Recent studies have assessed the binding affinity of RBD
Omicron to human ACE2 receptors in comparison to the ancestral Wuhan strain, via atomistic molecular dynamics simulation [
23] or surface plasmon resonance [
5]. The results revealed stronger binding to human ACE2 receptor, indicating that Omicron infects cells by a similar mechanism to the WT (via ACE2) and suggesting that the clinically observed increased infectivity might be due to stronger binding interaction with ACE2. By performing Biolayer Interferometry (BLI) we demonstrate here definitively at the biophysical level that both RBD
Omicron, as well as RBD
Delta variant, have a well-defined two-fold increased affinity to ACE2 compared to RBD
wt.
Our data show that Omicron has developed two mechanisms that account for the escape from neutralizing antibodies: First, RBD mutations result in a partial mismatch with the initial antibody response, such that antibodies generated by RBDs from previous infection or vaccination are less well-blocking due to their specificity for previous RBD versions. Particularly, E484A mutation accounts for this type of specificity-escape, as it prominently changes an important epitope for neutralizing antibodies. Second, Omicron’s increased RBD-ACE2 affinity represents a challenge for neutralizing antibodies, as the virus’ RBD binds so strongly to ACE2 that antibodies become unable to compete and thus cannot block the virus. We call this phenomenon ‘affinity escape’ as this type of immune escape is clearly different from the more classical antibody specificity escape.

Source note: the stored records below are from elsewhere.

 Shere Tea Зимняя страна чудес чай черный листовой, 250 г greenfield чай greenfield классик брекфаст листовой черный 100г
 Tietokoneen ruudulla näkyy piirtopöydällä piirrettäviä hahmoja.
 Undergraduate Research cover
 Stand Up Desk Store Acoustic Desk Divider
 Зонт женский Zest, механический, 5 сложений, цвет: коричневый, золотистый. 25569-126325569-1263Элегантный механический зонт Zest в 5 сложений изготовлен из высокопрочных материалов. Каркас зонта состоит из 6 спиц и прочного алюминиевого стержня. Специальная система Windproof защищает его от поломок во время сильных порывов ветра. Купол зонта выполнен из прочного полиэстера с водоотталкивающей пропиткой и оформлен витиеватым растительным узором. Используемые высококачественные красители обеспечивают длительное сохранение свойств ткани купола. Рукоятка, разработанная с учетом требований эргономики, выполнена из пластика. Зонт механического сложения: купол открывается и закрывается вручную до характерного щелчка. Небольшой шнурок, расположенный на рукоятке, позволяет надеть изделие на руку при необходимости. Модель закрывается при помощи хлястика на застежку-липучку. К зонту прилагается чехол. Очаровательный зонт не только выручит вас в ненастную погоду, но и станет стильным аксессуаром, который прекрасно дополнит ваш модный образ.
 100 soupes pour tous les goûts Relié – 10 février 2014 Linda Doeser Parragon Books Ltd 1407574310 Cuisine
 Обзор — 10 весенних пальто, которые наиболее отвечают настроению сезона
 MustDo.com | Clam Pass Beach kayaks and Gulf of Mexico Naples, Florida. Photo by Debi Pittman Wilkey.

Our findings are consistent with the fact that Coronaviruses do not form serotypes, in contrast -for example- to Polio and Dengue viruses [
24]. Coronaviruses are large viruses with about three times more RNA nucleotides than most other RNA viruses. Despite the many small mutations that accumulate over time, Coronaviruses depend on a relatively high degree of genetic and structural stability which is assured by the RNA proofreading system of Coronaviruses [
25]. For enhancing transmission, an apparently better strategy than novel serotypes is to increase receptor affinity, a phenomenon that is now well documented for SARS-CoV-2 [
9,
11,
26,
27]. The new phenomenon of ‘affinity escape’ from neutralizing antibodies allows for a better understanding of the interactions of the virus with the immune system. We suggest that vaccines may be rendered more efficient by optimization for inducing large numbers of neutralizing antibodies with high affinity. It is well known that booster vaccinations significantly contribute to this aim, as continued affinity maturation in germinal centers of secondary lymphoid organs selectively generates and promotes high-affinity antibodies [
28]. Indeed, individuals who have received three rather than only two RNA vaccinations reach relatively high protection from Omicron [
29,
30,
31], although these vaccinations are still based on RBD
WT (Wuhan), supporting the notion that antibody specificity may not be the major reason for a breakthrough in infections. Overall, the net effect of the antibody response is a combination of specificity, activity, and titer. Mass action effect (i.e., a high magnitude response) can compensate for some shortcomings in affinity.
In summary, both Delta and Omicron VOCs show enhanced receptor affinity translated into reduced neutralization (affinity escape). For Omicron, reduction in a neutralization is, however, much more pronounced as its affinity escape is combined with specificity escape.